- **Supplied material**
● ● ●

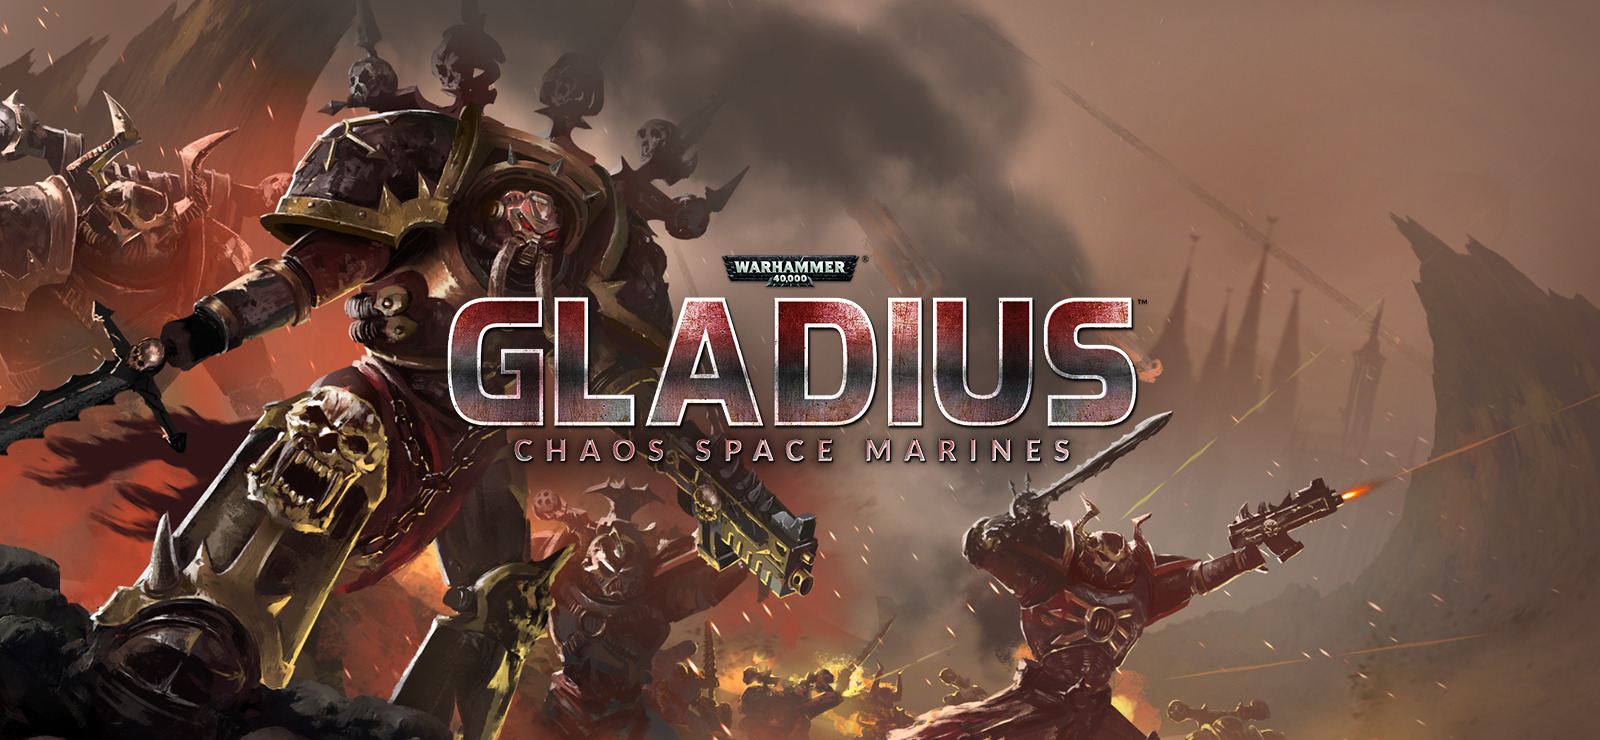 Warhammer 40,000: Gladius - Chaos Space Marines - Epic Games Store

● ● ●

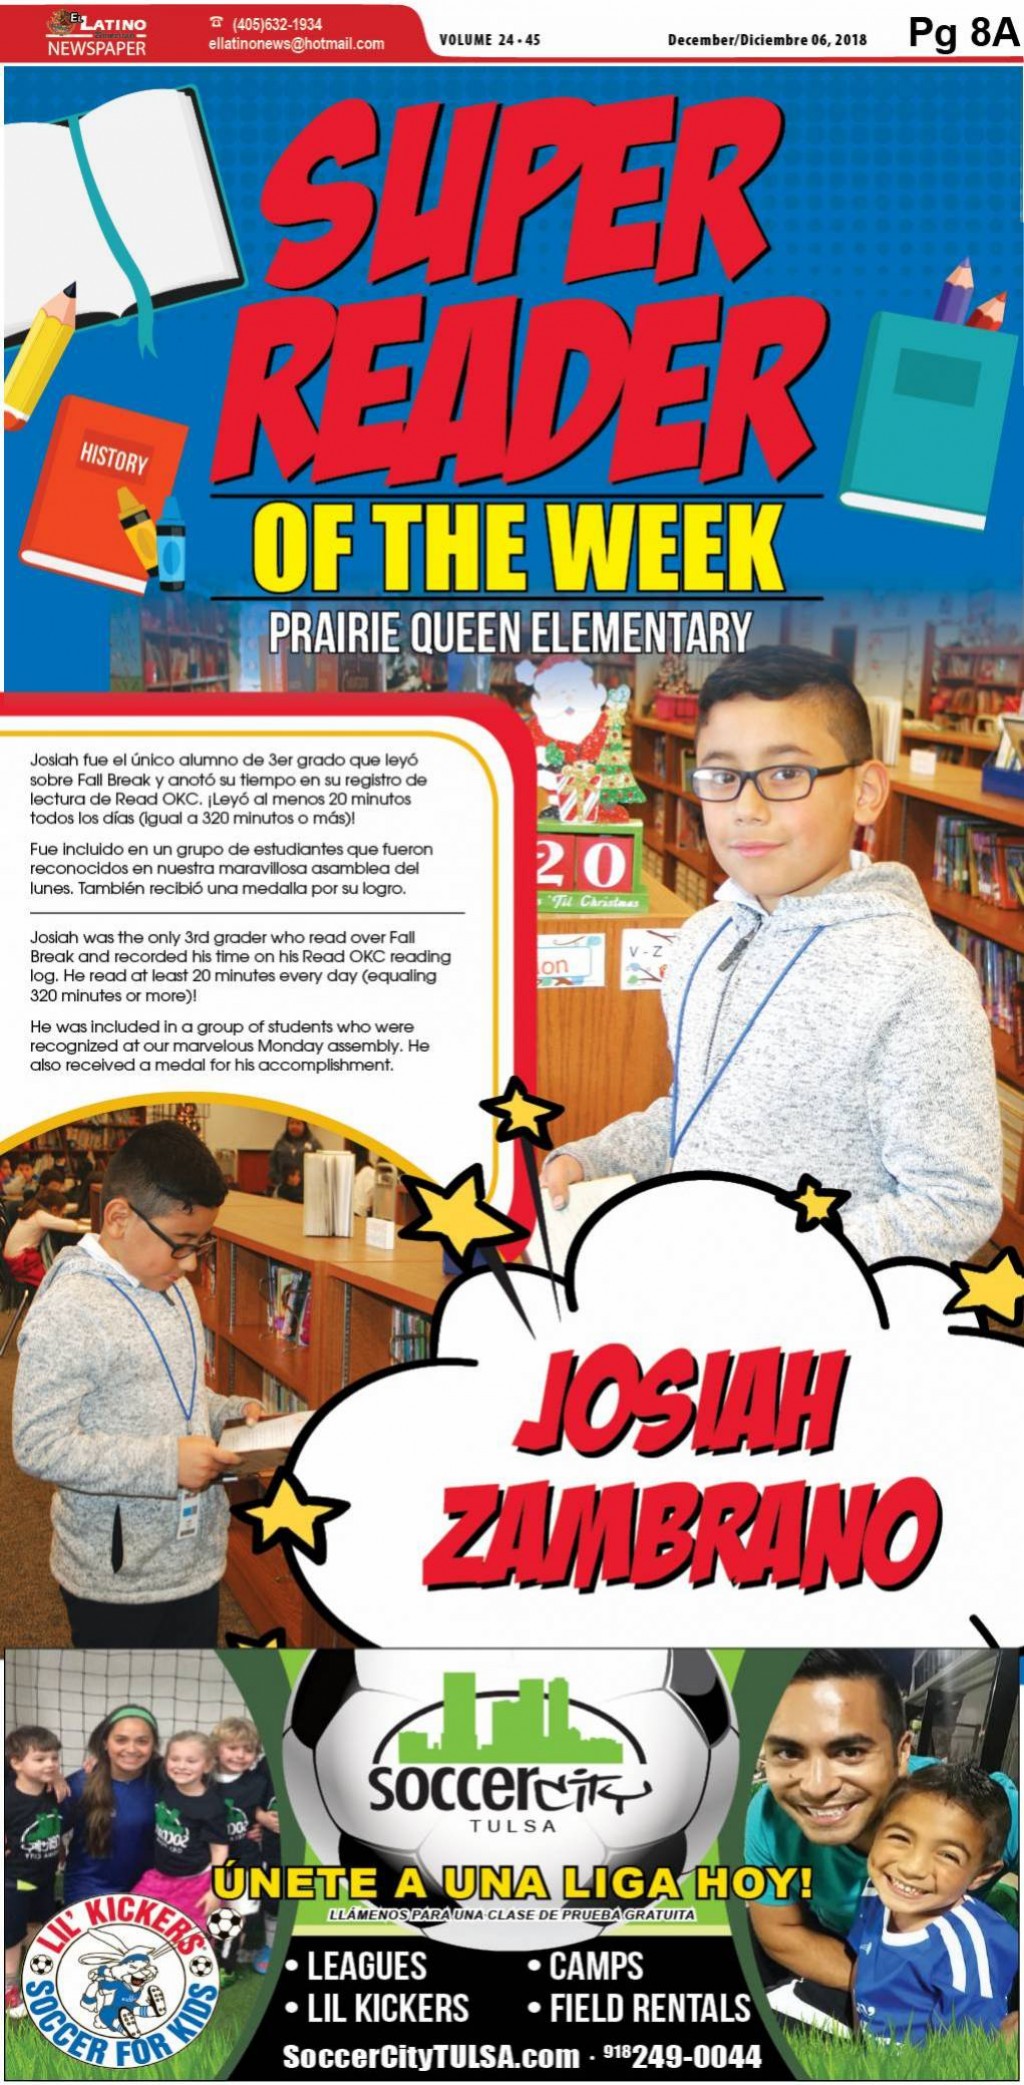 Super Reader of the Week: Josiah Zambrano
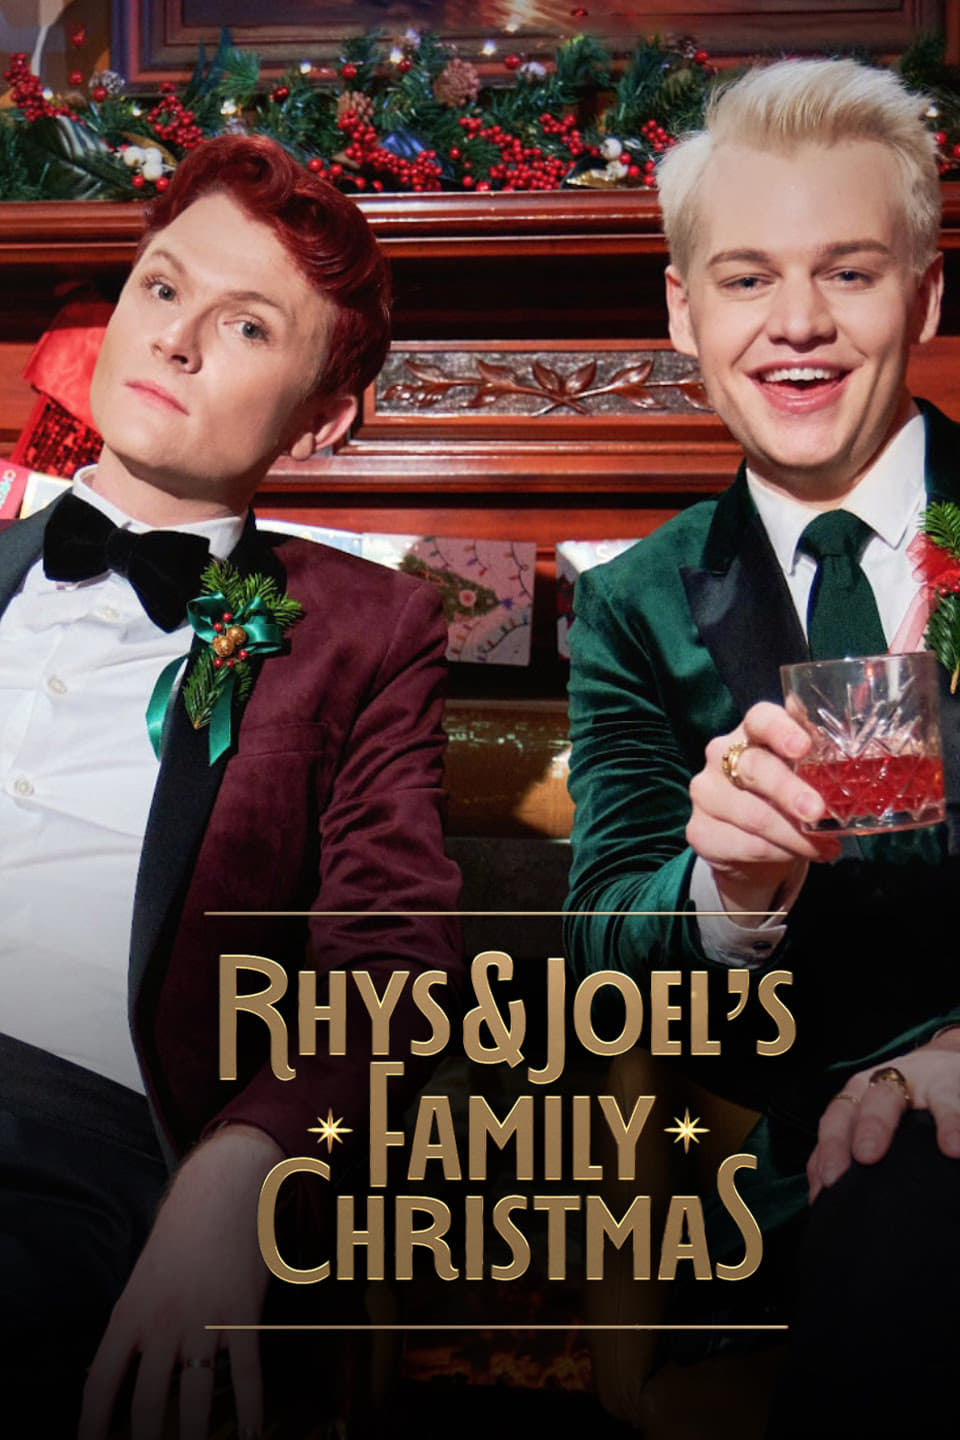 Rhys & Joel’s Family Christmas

● ● ●

- **Exercise directions**
How would the lines above read from the one with "Super Reader of the Week: Josiah Zambrano" to the one with "Rhys & Joel’s Family Christmas", inclusive, with no pictures? Write them out exactly.

- **Answer section**
 Super Reader of the Week: Josiah Zambrano
 Rhys & Joel’s Family Christmas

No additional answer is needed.